> [What the exercise asks]:
Print a faithful copy of the data below, word for word, with the pictures left out.

> [Exercise data]:
· · · ·

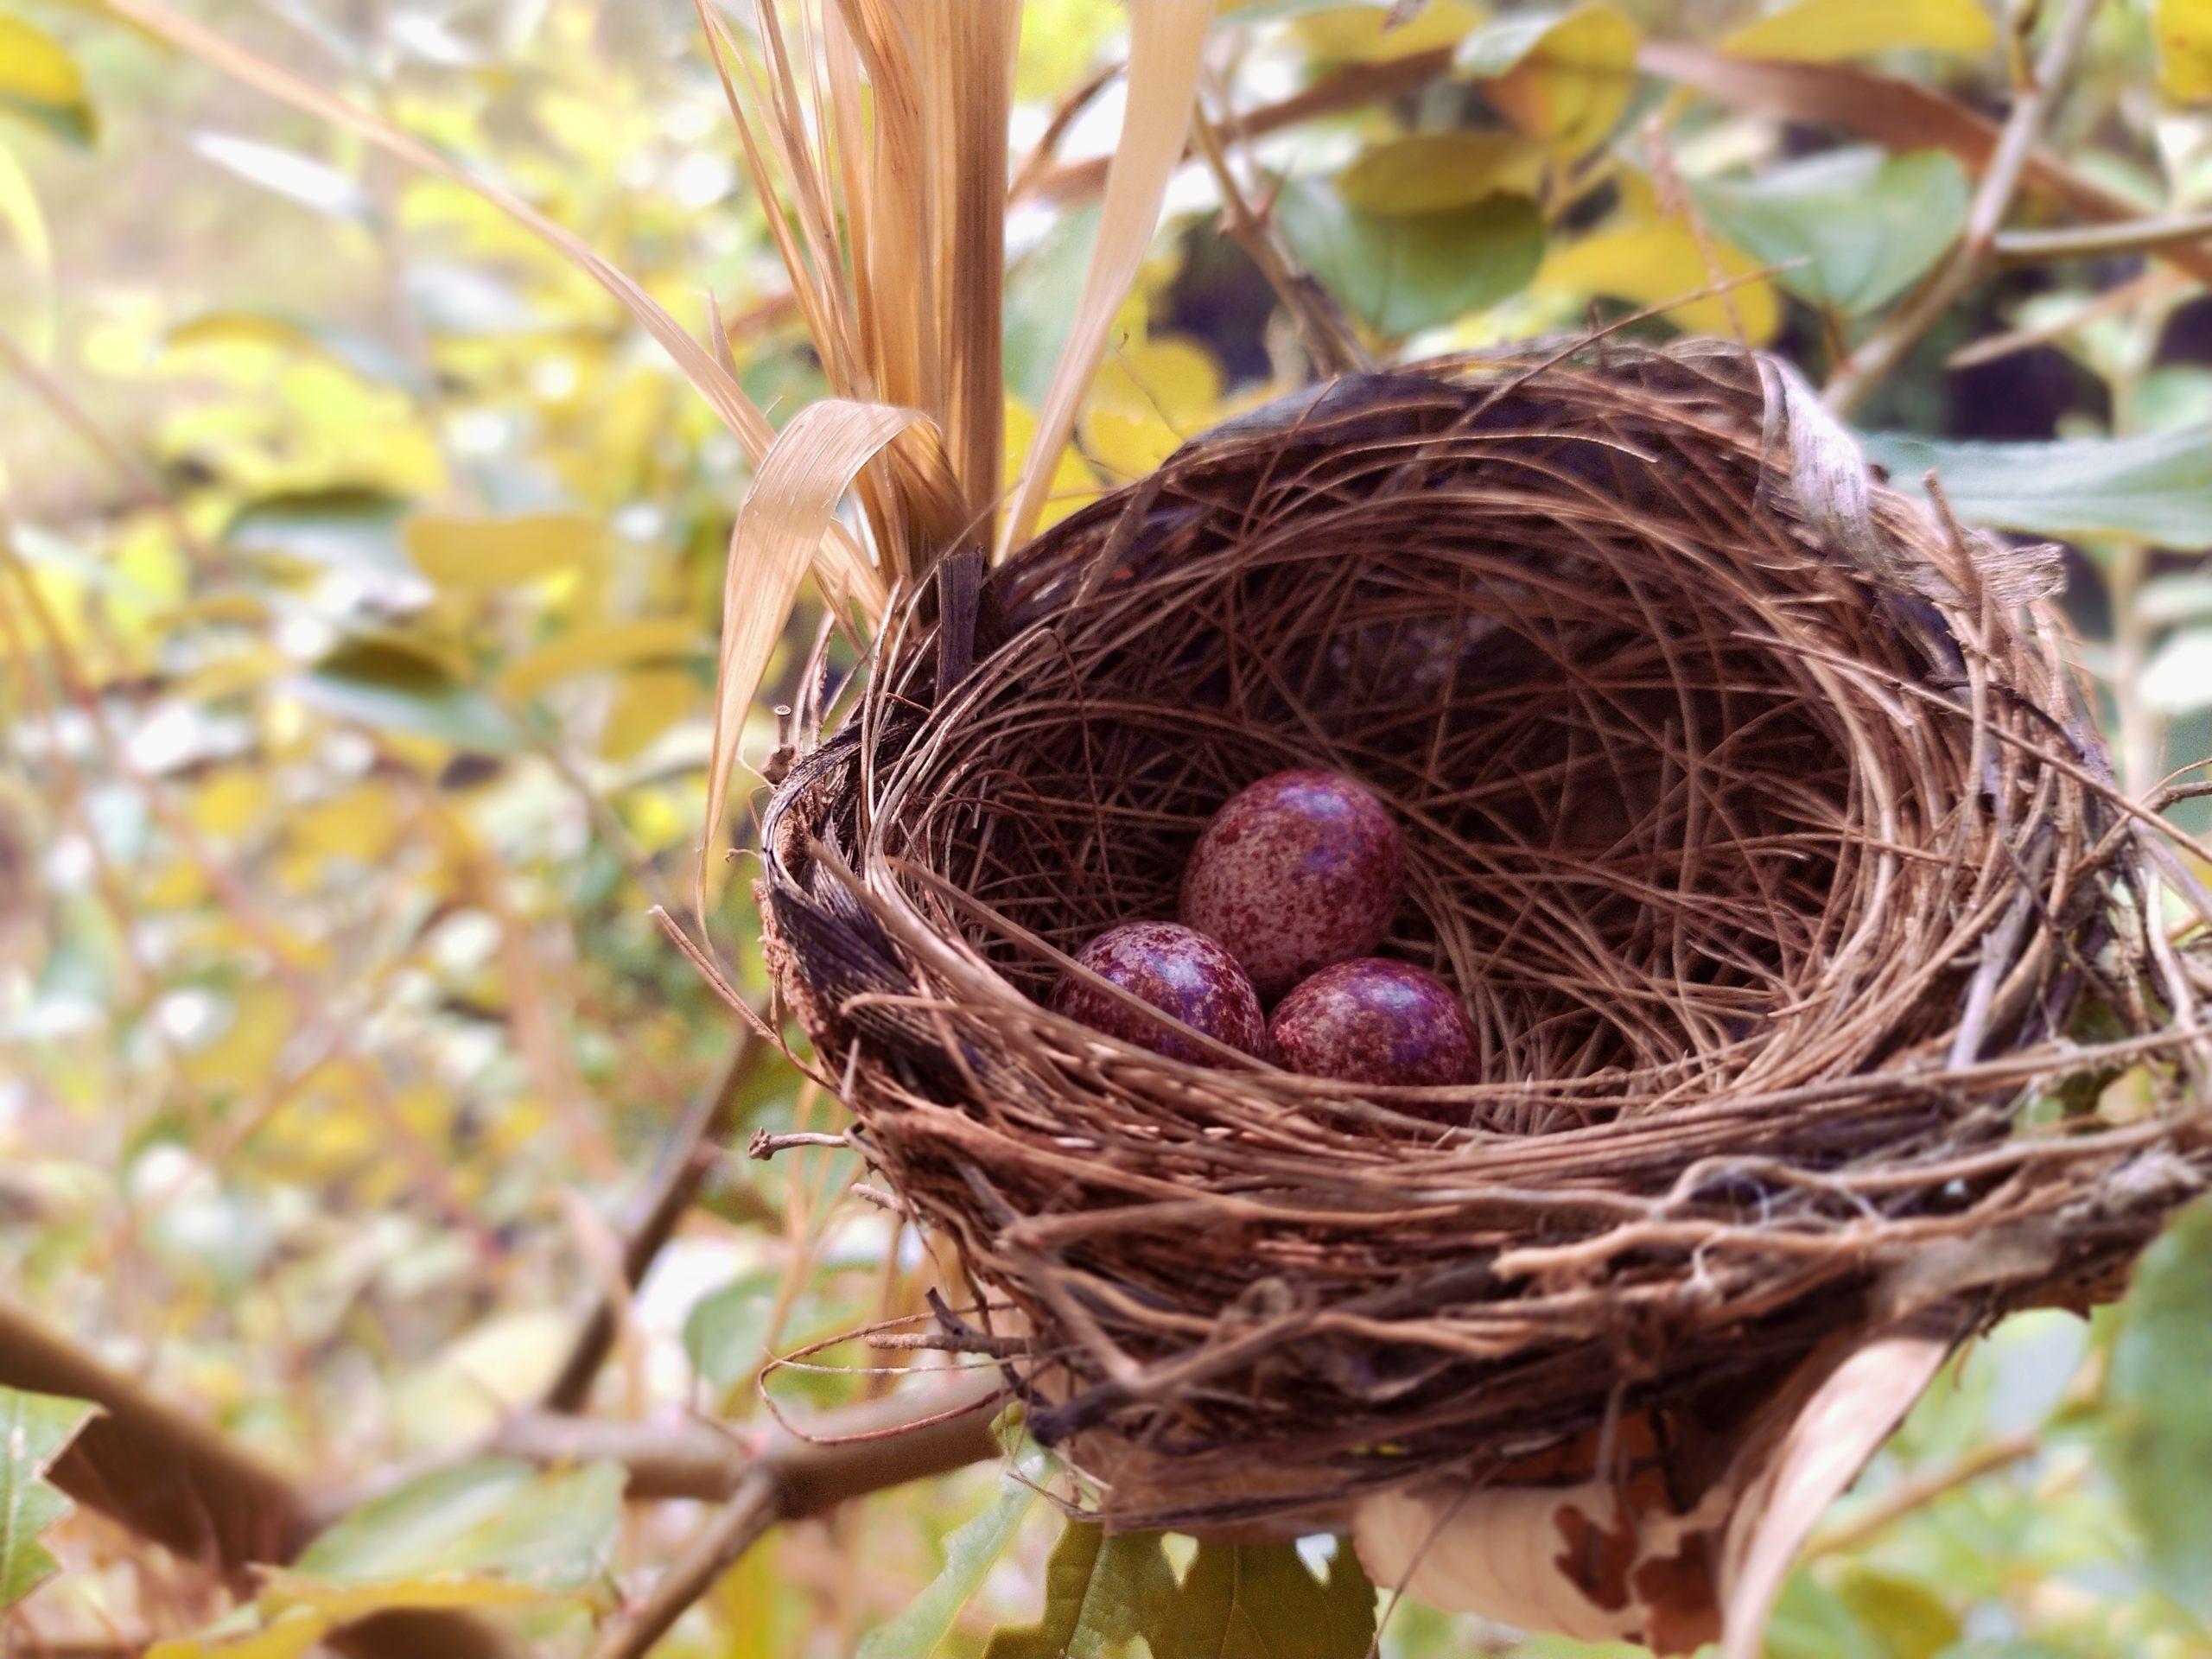 Eggs on Bird Nest
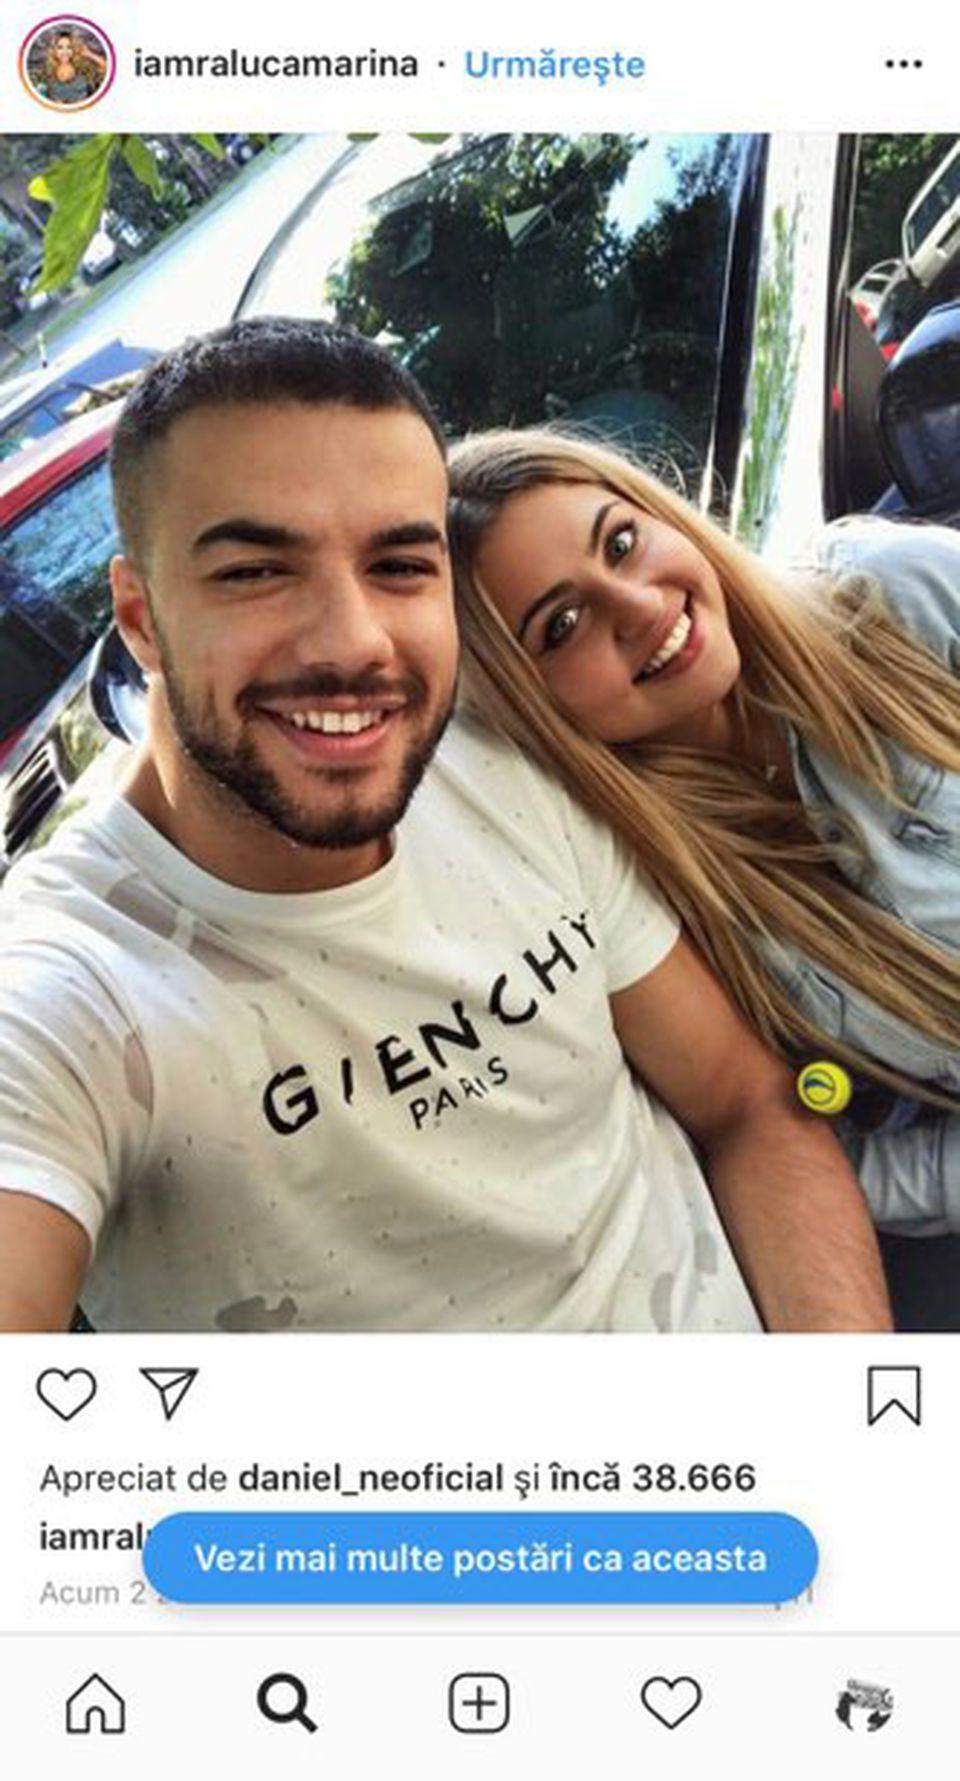 Culiță Sterp și Plușica, împreună! Fotografia care a adunat zeci de mii de like-uri pe Instagram
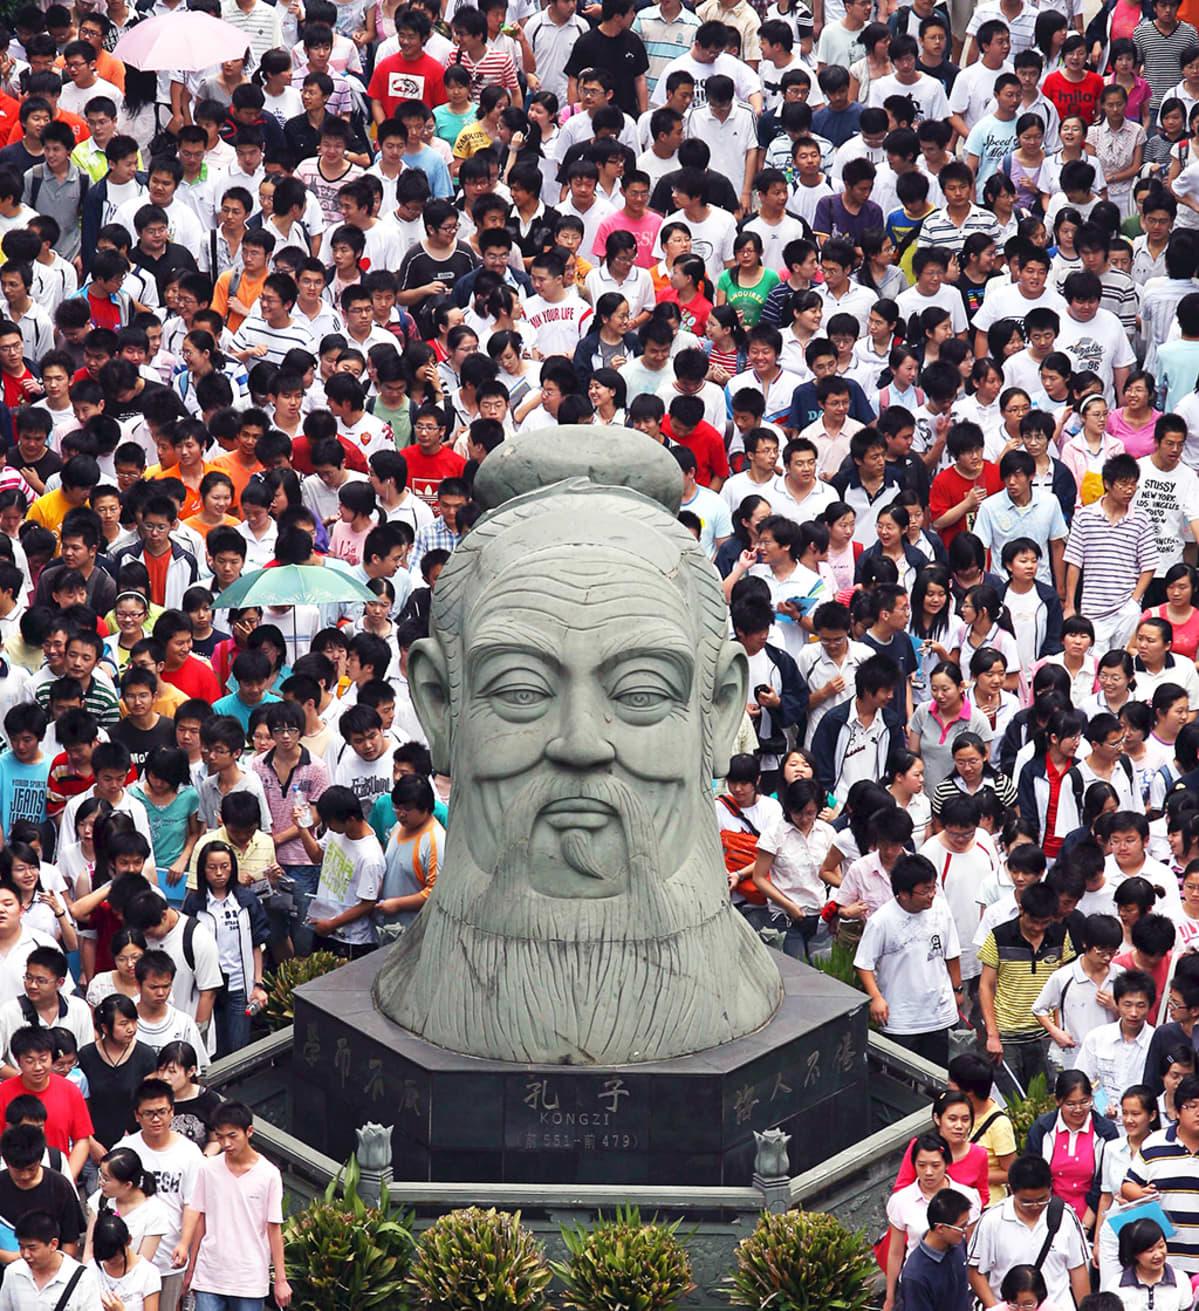 Opiskelijat ympäröivät Kungfutsen patsaan Wuhanissa.
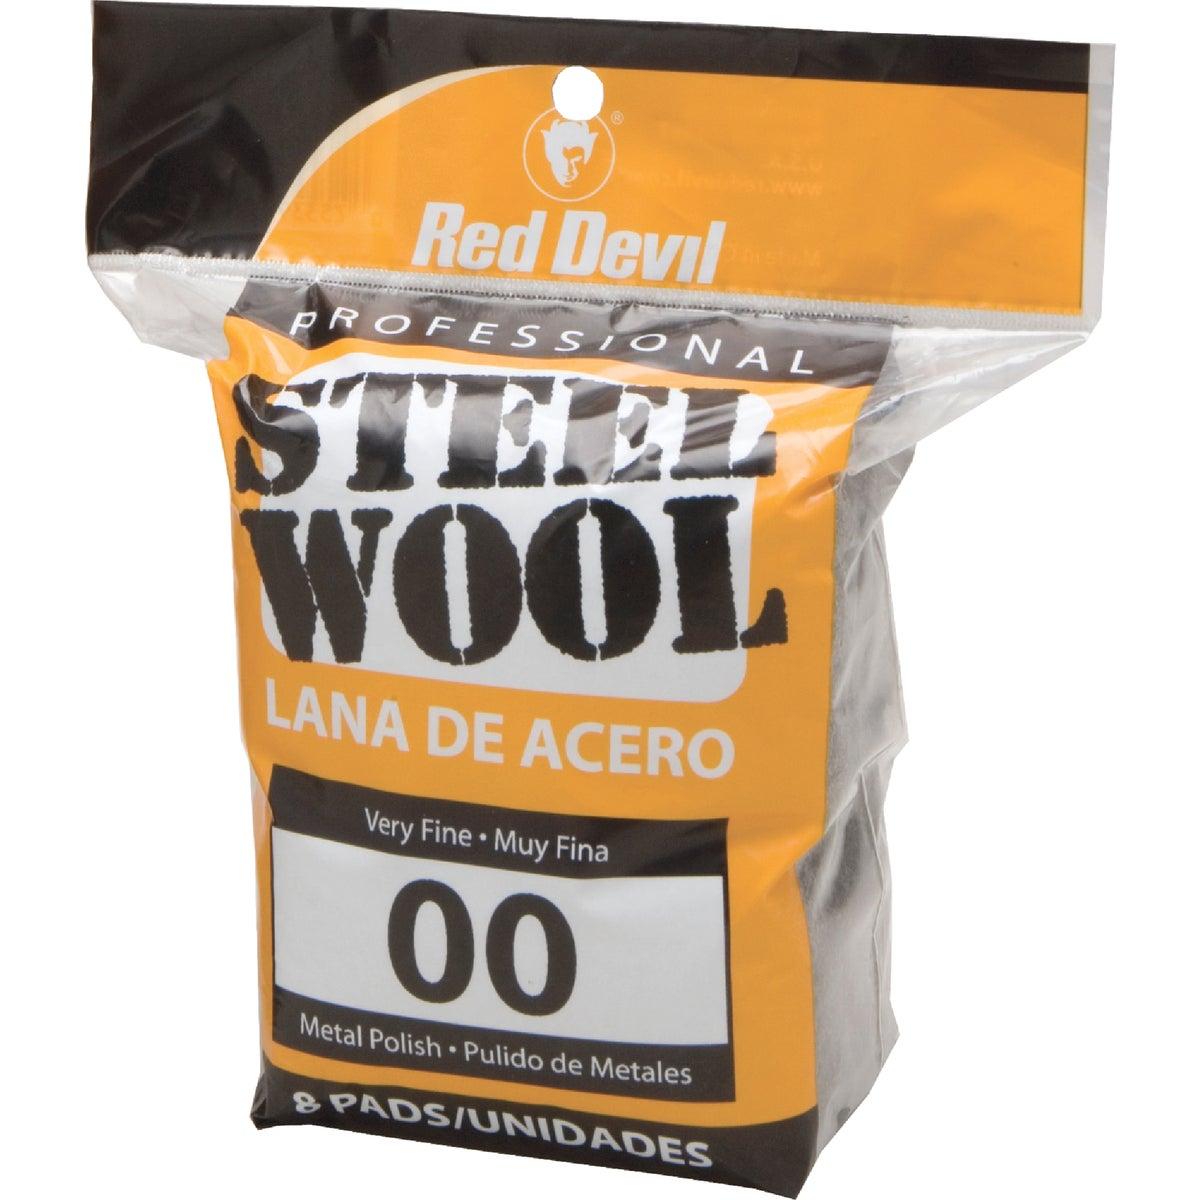 8PK #00 STEEL WOOL

· · · ·

> [Solution to this problem]:
 Eggs on Bird Nest
 Culiță Sterp și Plușica, împreună! Fotografia care a adunat zeci de mii de like-uri pe Instagram
 Opiskelijat ympäröivät Kungfutsen patsaan Wuhanissa.
 8PK #00 STEEL WOOL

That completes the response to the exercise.